Don’t worry, mom.  I got plenty of food.  I’m just thinking.  There’s nothing to worry about.

Kind of.

Just the other night, I spoke over the phone with a farmer friend from out west, about fifty miles beyond Lancaster in the Susquehanna River appalachia.

We were talking winter.


I asked him if there was anything this kind of winter was good for.

“Stinkbugs,” he said.  “Well, not good for them but we find that a winter like this does do some damage to the pest problem.”

When he uses the word we, he’s not just referring to his four brothers, his wife, his one son or his nine daughters.  He’s a grower and this is about the Pennsylvania agribusiness, the farmland quilt just a couple hundred miles west down the turnpike on the way to all those Civil War battlefield museums.

They grow great fruit out there.

“We’ve only had one week without snow on the ground,” he said.

I asked him about mud.

“Haven’t had much mud.  Too cold for mud.”

I asked him about peaches.

“Now that’s a worry,” he said.  “The University of Biglerville said that we’ve already lost twenty to thirty percent of the peach buds to the cold, which isn’t that bad, since we normally take off ninety percent of the buds or the blossoms anyway.”

I didn’t know that.

“During the pruning and thinning process,” he said.  “But we normally get to pick which ones to lose.”

I know Gina the farmer is worried too.  She’s already running late.

“I usually have some pepper starts by now.”

I asked her where.  In her greenhouse?

“Not the greenhouse,” she said.  “My house.”

I went over to see for myself. 


In her kitchen, she had rigged up shelving for her seed starts, lulling them forward from the potted soil with a steady supply of bright lights.


Things did seem to be moving slowly…


…although the potatoes looked like they were faring well.


“If you’re ever dirt poor and you have just a handful of potatoes, don’t eat them,” she said.

“Instead, just keep misting water over them and wait for them to sprout and then plant the sprouts.  I can get fifty potato plants out of one potato,” she said, “and then eat the first potato too.”

Don’t worry, mom.  Gina’s doing all right.  She’s just joking.

Kind of.

Besides, in her vision of dirt poor, everybody’s dirt poor and she’s the hero because she knows how to grow potatoes and kill zombies real good.

I walked back home, snowing again. 


They gave up plowing the streets and it’s actually better.  It was getting hard to parallel park with all those plow drifts blocking the sidewalk.

Down the street from my urban cabin, there’s a staggering hemlock…

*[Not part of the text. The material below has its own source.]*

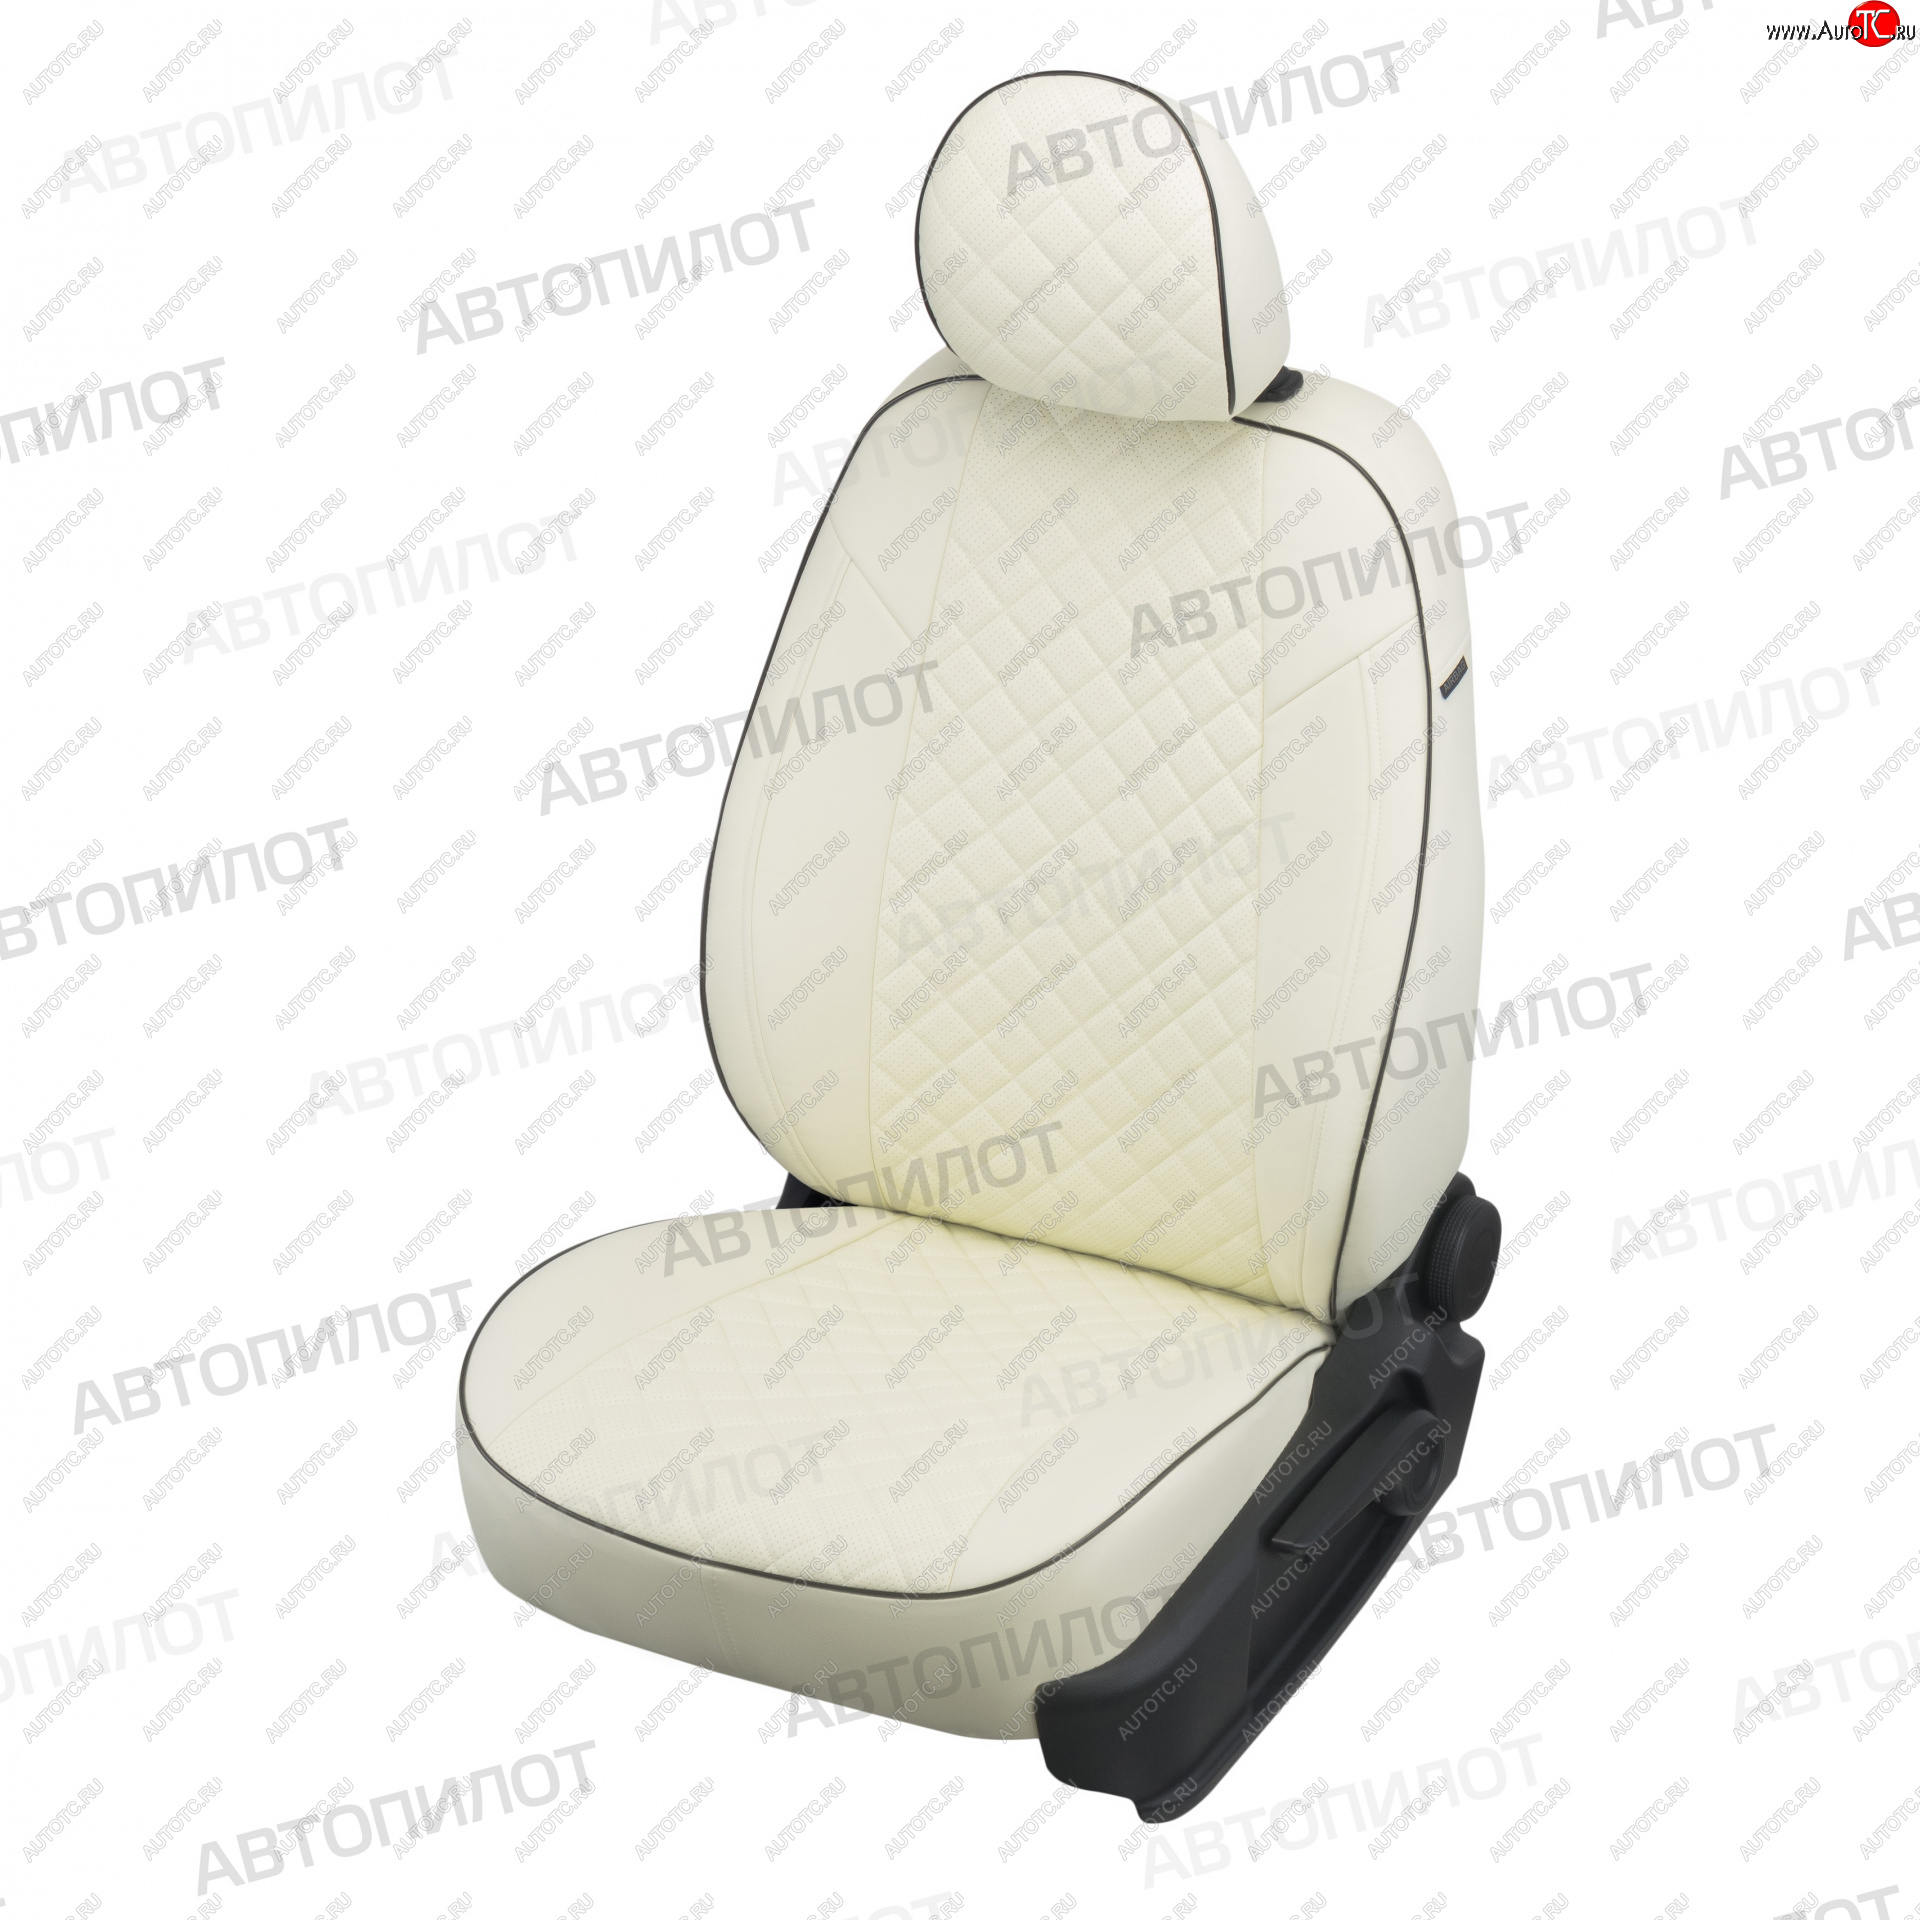 13 999 р. Чехлы сидений (экокожа) Автопилот Ромб  Honda CR-V  RD4,RD5,RD6,RD7,RD9  (2001-2006) (белый)

…a tree I don’t talk enough about, even though it is the state tree of Pennsylvania, even though it’s the subject of one of my favorite Robert Frost poems:

The way a crow
Shook down on me
The dust of snow
From a hemlock tree


Has given my heart
A change of mood
And saved some part
Of a day I had rued.

You don’t see the hemlock used much as a street tree and, out in the woods, I tend to pass them by. 

It’s better to go hemlock hunting in the winter, with or without a snow.  It takes a leafless woods to get a clear look at them.


In a bare woods, the hemlock stands tall and green.


Along a snowy street, the hemlock shines bright.


Mom, there’s nothing like the city in a snow.


There’s something that happens to the city in a long snow.  It’s like turning off a big and noisy machine…


…a great engine standing idle.


The few cars on the road glide by slowly…


…and I can see their faces as they pass, pensive and alert, gripping the wheel with white knuckles, noses pressed against the windshield.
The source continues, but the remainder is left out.